Saturday, July 21, 2007

PayPal money market fund yield remains at 5.02% as of 7/21/2007

[Gentle reminder: I may suspend this weekly post in the near future, but I haven't decided for sure yet.]

Here are some recent money market mutual fund yields as of Saturday, July 21, 2007:

Note: APY yield is worth somewhat less than the same 7-day yield. See my discussion and table for Comparing 7-day yield and APY.

PayPal continues to be a fairly interesting place to store cash for both relatively quick access and a well above average yield. There is no minimum for a PayPal account, no fee for a basic account, and it can be linked to your bank checking account or even your brokerage checking account for easy access. Right now I am using PayPal as a savings account, putting a little more money in whenever I get a chance and feel that my budget has some "spare change." The PayPal 7-day yield of 5.02% is equivalent to a bank APY of 5.14%.

New: I just ran across GMAC Bank's money market account paying a rate of 5.16% or an APY of 5.30%. That looks very appealing and I was tempted to open an account.
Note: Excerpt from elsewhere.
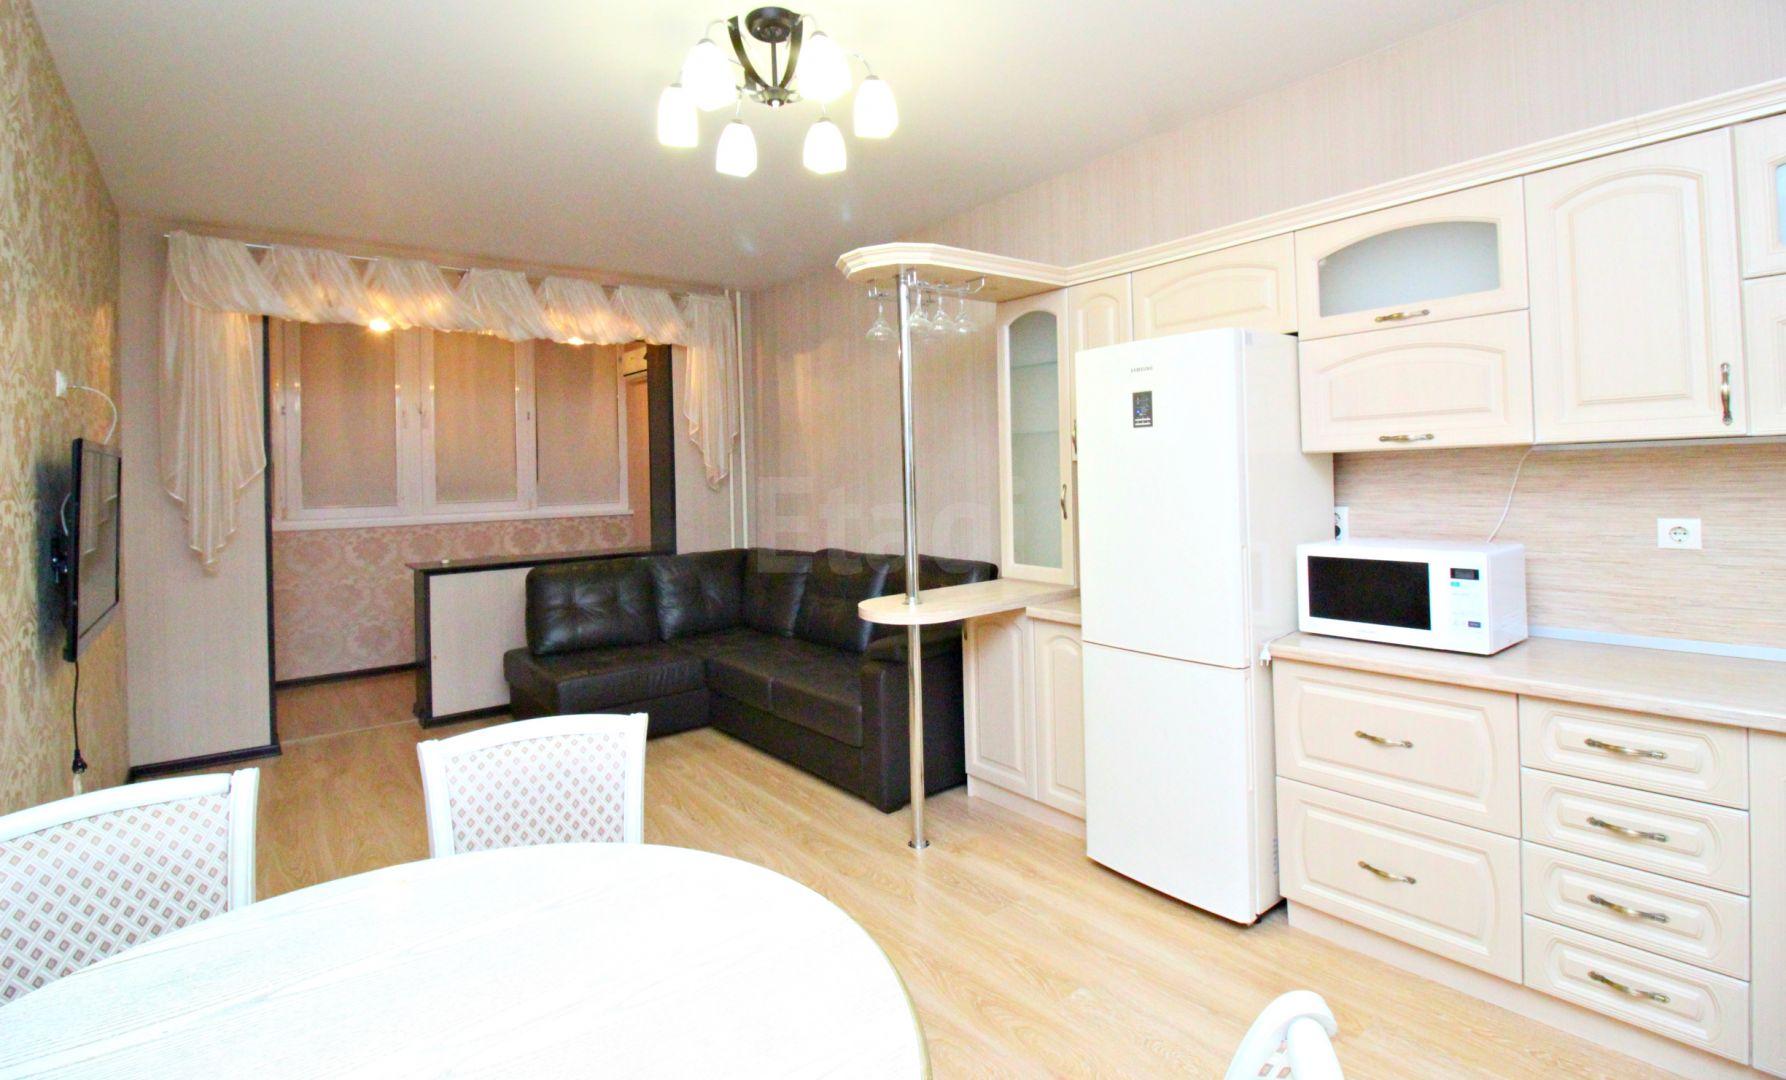 Продается двухкомнатная квартира за 4 350 000 рублей. ЦМР, ул. Фабричная (2.9 км до центра).

This doesn't appear to be an introductory rate, but since I haven't seen it before and it doesn't show up on the iMoneyNet list of top yields, I'd like to watch it a bit before jumping on it.
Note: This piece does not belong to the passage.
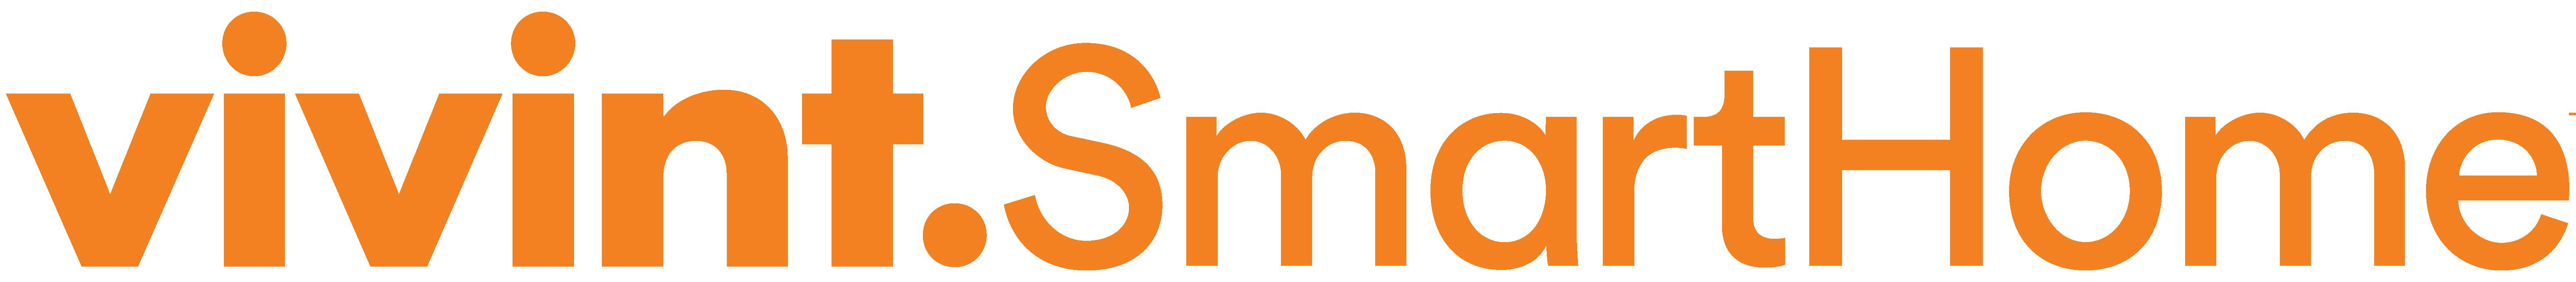 Company Logo Vivint

No longer current: I wasn't aware of the high-yield TAA-CREF and Vanguard money market mutual funds before and I don't know much about them, but they are the highest yielding money market mutual funds out there for us retail investors, so I'll follow them and look into them a bit more closely. At this stage, it is still unclear if they really are available to all of us individual retail investors or if there are restrictions or fees that might reduce their attractiveness, but they do seem rather attractive, especially as an alternative to CDs.

Update from a previous week: The TIAA-CREF yield recovered a bit last week after plunging the week before. Who knows whether that was a fluke or whether the original high yield was a fluke. Stay tuned.

Latest Update: The TIAA-CREF yield is now right about at the same level as the PayPal yield. The yield appears to have roughly stabilized, but we'll have to watch it and see how it evolves.

4-week T-bills continue to not look as attractive a place for cash that you won't need for a month, since the new issue yield remains well below the yield of PayPal and Fidelity Cash Reserves, but this rate fluctuates significantly from week to week. The rate is locked in for four weeks once you buy the T-bill at the weekly auction, but you can't predict what rate you will get at the next auction since it is based on supply and demand. Simply letting the T-bills automatically roll every four weeks will average out a lot of this volatility. Frankly, the extreme volatility with frequent low yields has turned me off to T-bills in favor of PayPal and Fidelity Cash Reserves, but we'll see how yields evolve over the coming months. I believe that the low yield is due to turmoil in the bond market, with people dumping longer-term bonds and shifting money towards the shorter end of the Treasury yield curve. More money flowing in drives up the price, which lowers the yield.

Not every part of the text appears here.